Скребущий звук вдруг превратился в мелодию из шести нот, монотонно повторяющуюся где-то справа от алтаря. Ланакан ощутил, как давит на него окружающий воздух, словно кто-то сжал его в огромном кулаке и его сердце, легкие и грудь сминаются, точно вата, в клещах мертвой хватки. С огромным трудом он повернулся в сторону источника звука.

И увидел высокого человека в черном плаще, который терзал его своей ужасной песнью. Язык прищелкивал, из горла исходило жужжание, звук слетал с губ, кривящихся в злорадной улыбке. Тонкая правая рука в перчатке медленно поднялась и застыла, развернувшись в его сторону ладонью. И в тот же миг процесс освобождения от тела Ланакана приостановился — сколько раз демон с легкостью покидал ставшие ненужными тела!

Левая рука страшного существа, в такой же перчатке, вытянулась вперед, изящные пальцы подрагивали в ритме биений сердца демона-человека. И каждое их движение вызывало чудовищную боль. Затем рука начала наматывать метафизические узы вокруг ладони, словно бечевку воздушного змея. Существо потянуло, впустив четыре ветра в удушающую сеть, безжалостно и неуклонно сжимающую демона.

Благословенный закричал, не в силах пошевелиться, неспособный бежать.

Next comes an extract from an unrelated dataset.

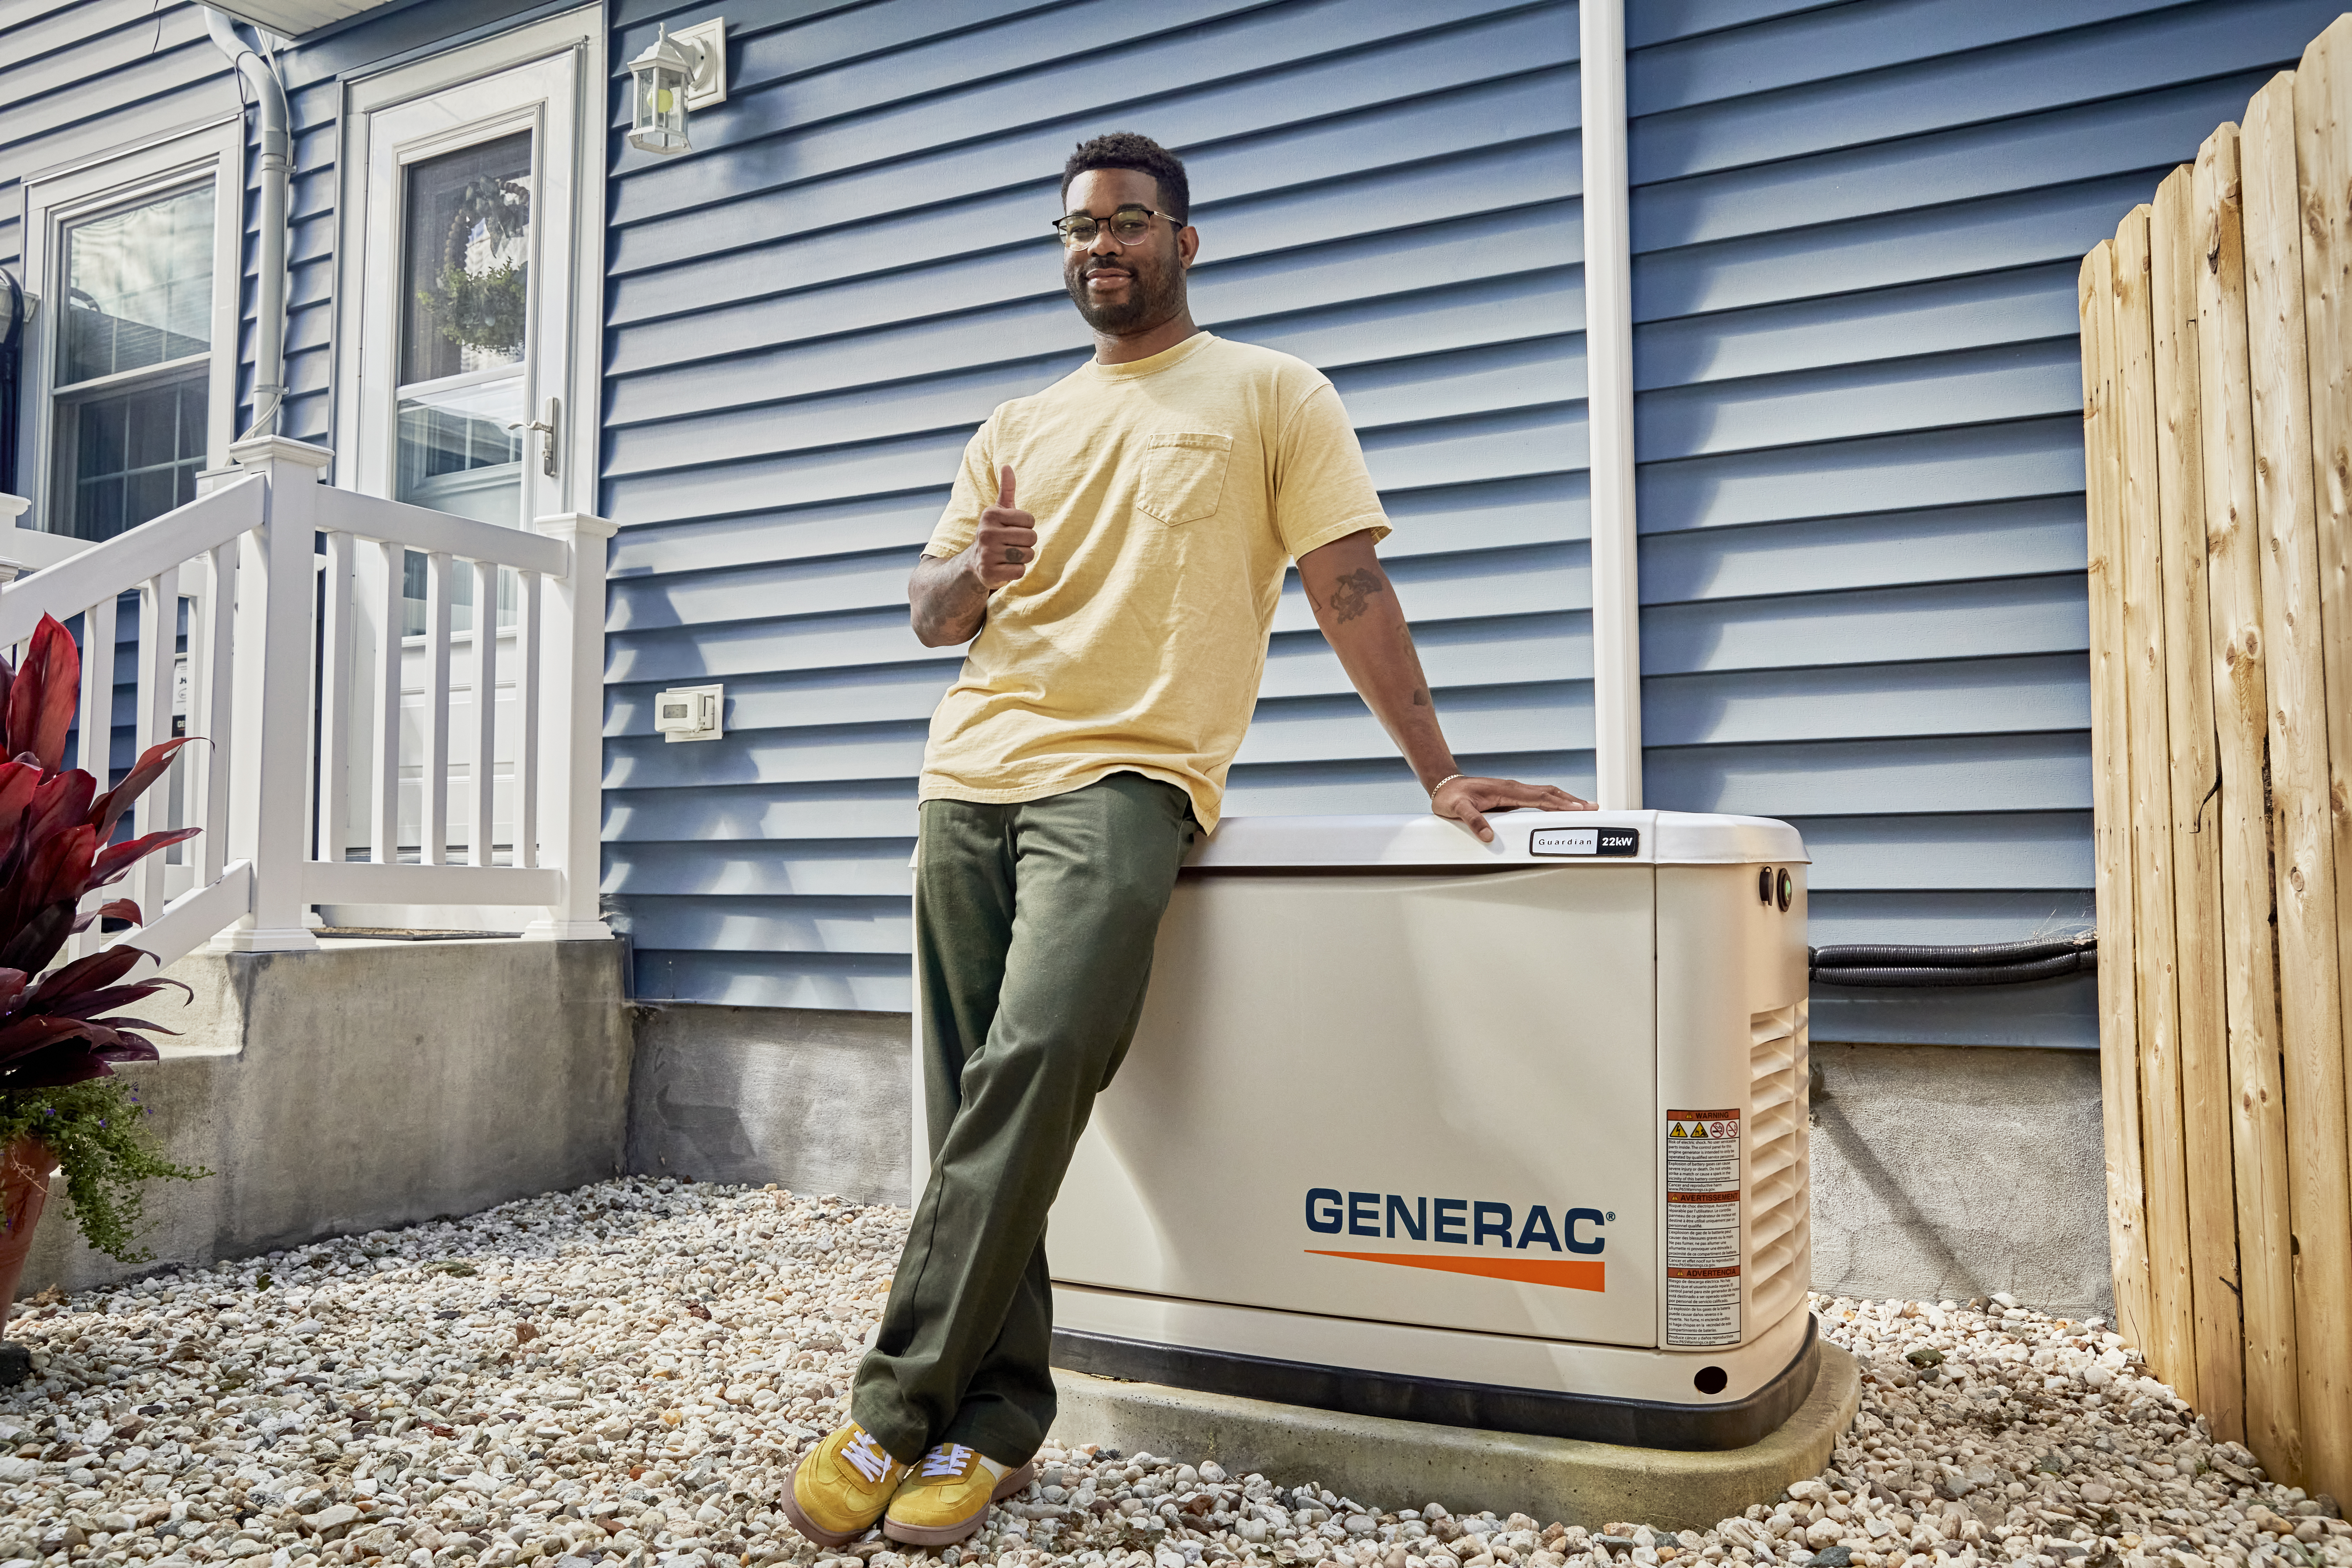 Generac generator being set up by an expert installer in a Cape Cod homeowner's backyard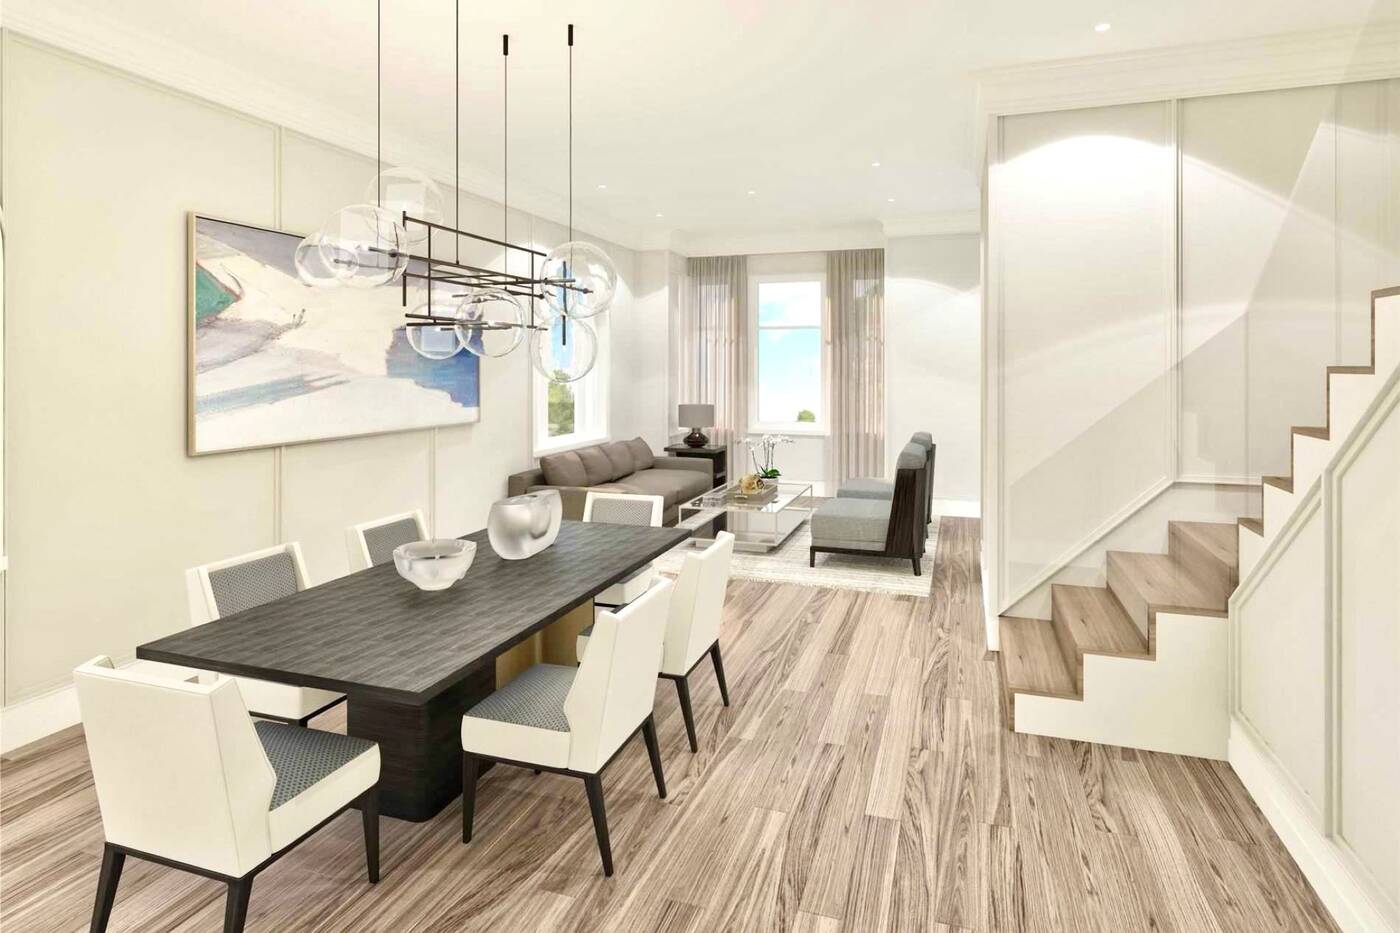 High ceilings and open floor layouts at the Konzulat Town residences

Он попал в ловушку.

— Давай я угадаю: ты слышал о дракианах, но никогда их не встречал, верно? — отвратительно ухмыльнулся человек в плаще.

Глаза Ланакана Орландо, единственные сохранившие подвижность, метались из стороны в сторону. Сбоку, отбрасывая тень, закрывавшую весь алтарь, замер огромный болг в кольчуге и доспехах, из-за спины у него торчали рукояти многочисленных мечей. Он стоял в почетном карауле королевы, подхватил умирающего Патриарха и помешал Орландо отыскать исчезнувшее Кольцо, символ высокой власти.

В два шага болг преодолел разделявшее их расстояние, заломил Ланакану руки за спину. Великан поднял его в воздух, и боль пронзила человеческое тело, в плену которого оказался демон.

— Знаешь, мой обширный опыт подсказывает, что дракиане считают подлых демонов самым подходящим блюдом для разогрева аппетита, — весело заявил болг. — Но я тебя скушаю на десерт.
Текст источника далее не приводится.